# best way to cook amberjack?



## specslayer

i have a little bit of amberjack and want to know what the best way of cooking it would be...there all in chunks about the size of a small dinner plate or salad plate whatever its called


----------



## bluffman2

grilled.....lemon butter and season to your liking....:hungry


----------



## Travis Gill

Its good blackened


----------



## lobsterman

Marinade in Zesty Italian for about 4 hours and grill to perfection. Do not I repeat do not over cook.


----------



## Ultralite

blackened! seared on a white hot black iron skillet...2 minutes, each side per 1 inch thick...
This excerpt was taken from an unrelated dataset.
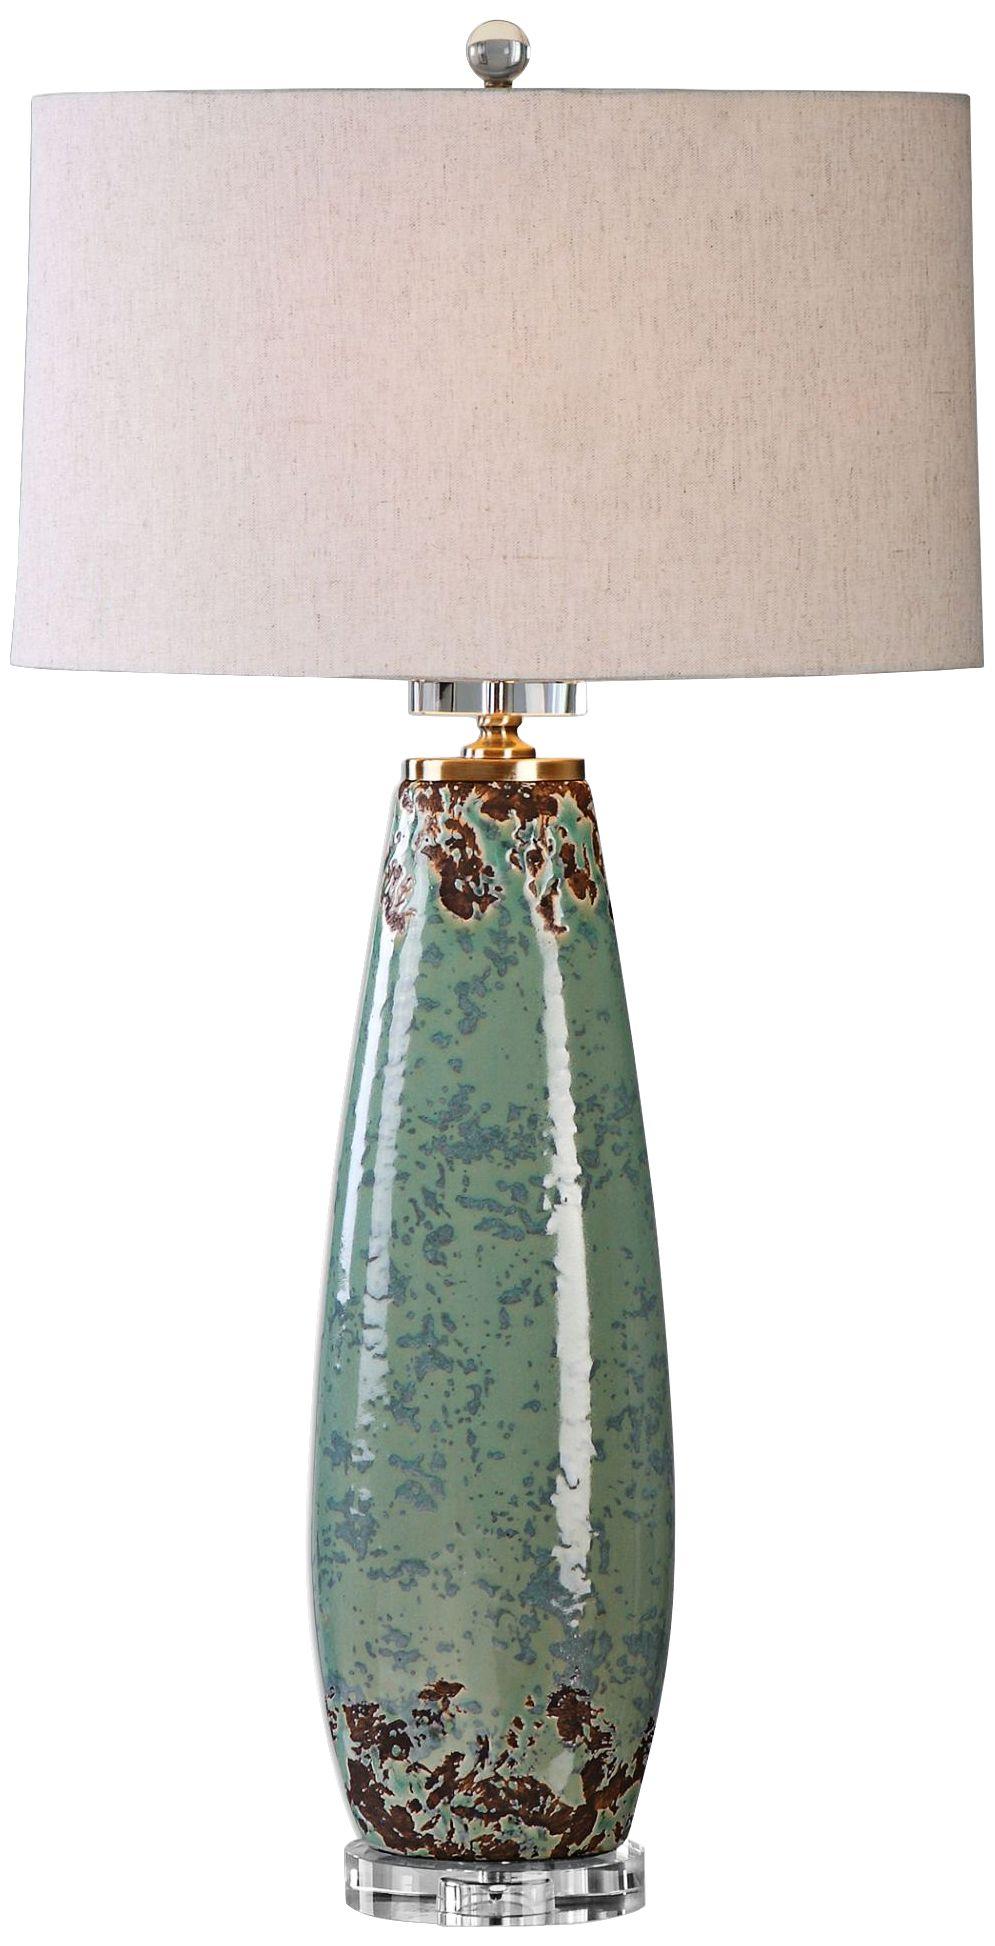 uttermost rovasenda pale mint green ceramic table lamp
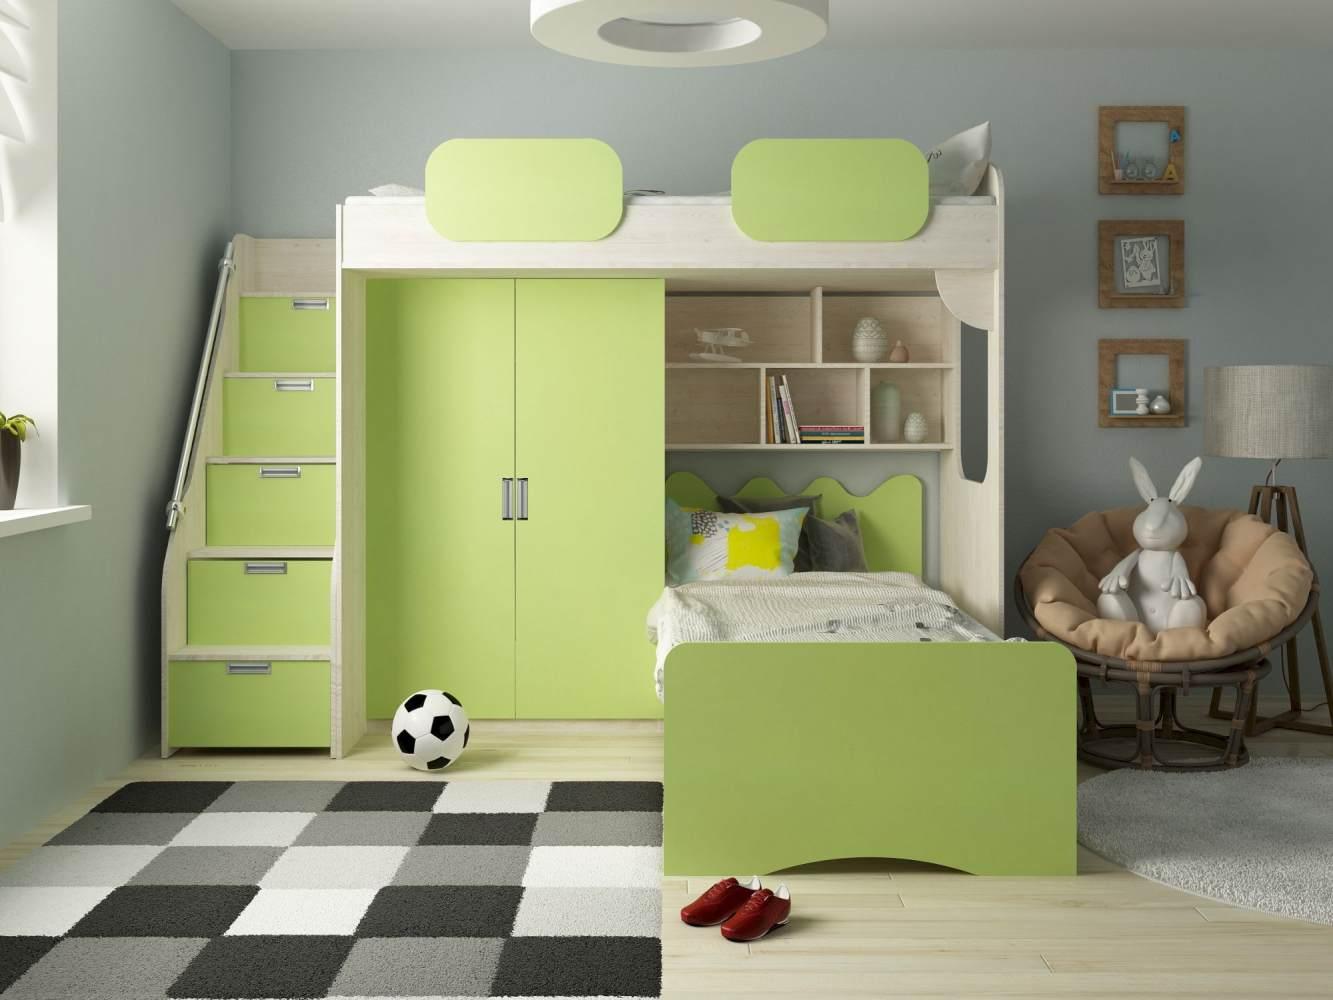 Etagenbett 'Geko' grün Bild 1

karon (coryphaena) makes some killer authentic southwest fish tacos with the meat too...


----------



## hebegb

smoked for fish dip is deeeeliscious too


----------



## dkdiver

Rocklobster does it like lobsterman except she adds bell peppers and onions to the marinade and grills all of it together. Season to taste. :hungry


----------



## Jason

> *Ultralite (8/23/2008)*blackened! seared on a white hot black iron skillet...2 minutes, each side per 1 inch thick...
> 
> karon (coryphaena) makes some killer authentic southwest fish tacos with the meat too...


Yes-sir-eblackened is the way to go!!!!:bowdown:bowdown:bowdown


----------



## irritation point

Marinate in equal amounts of soy sauce and terriyaki for a couple of hours. Wrap it in bacon slices held with toothpicks. Cook it on the grill medium heat about 10 minutes each side. (low enough so the bacon cooks)Top it with swiss cheese and allow it to melt.Delicious!!! :usaflag


----------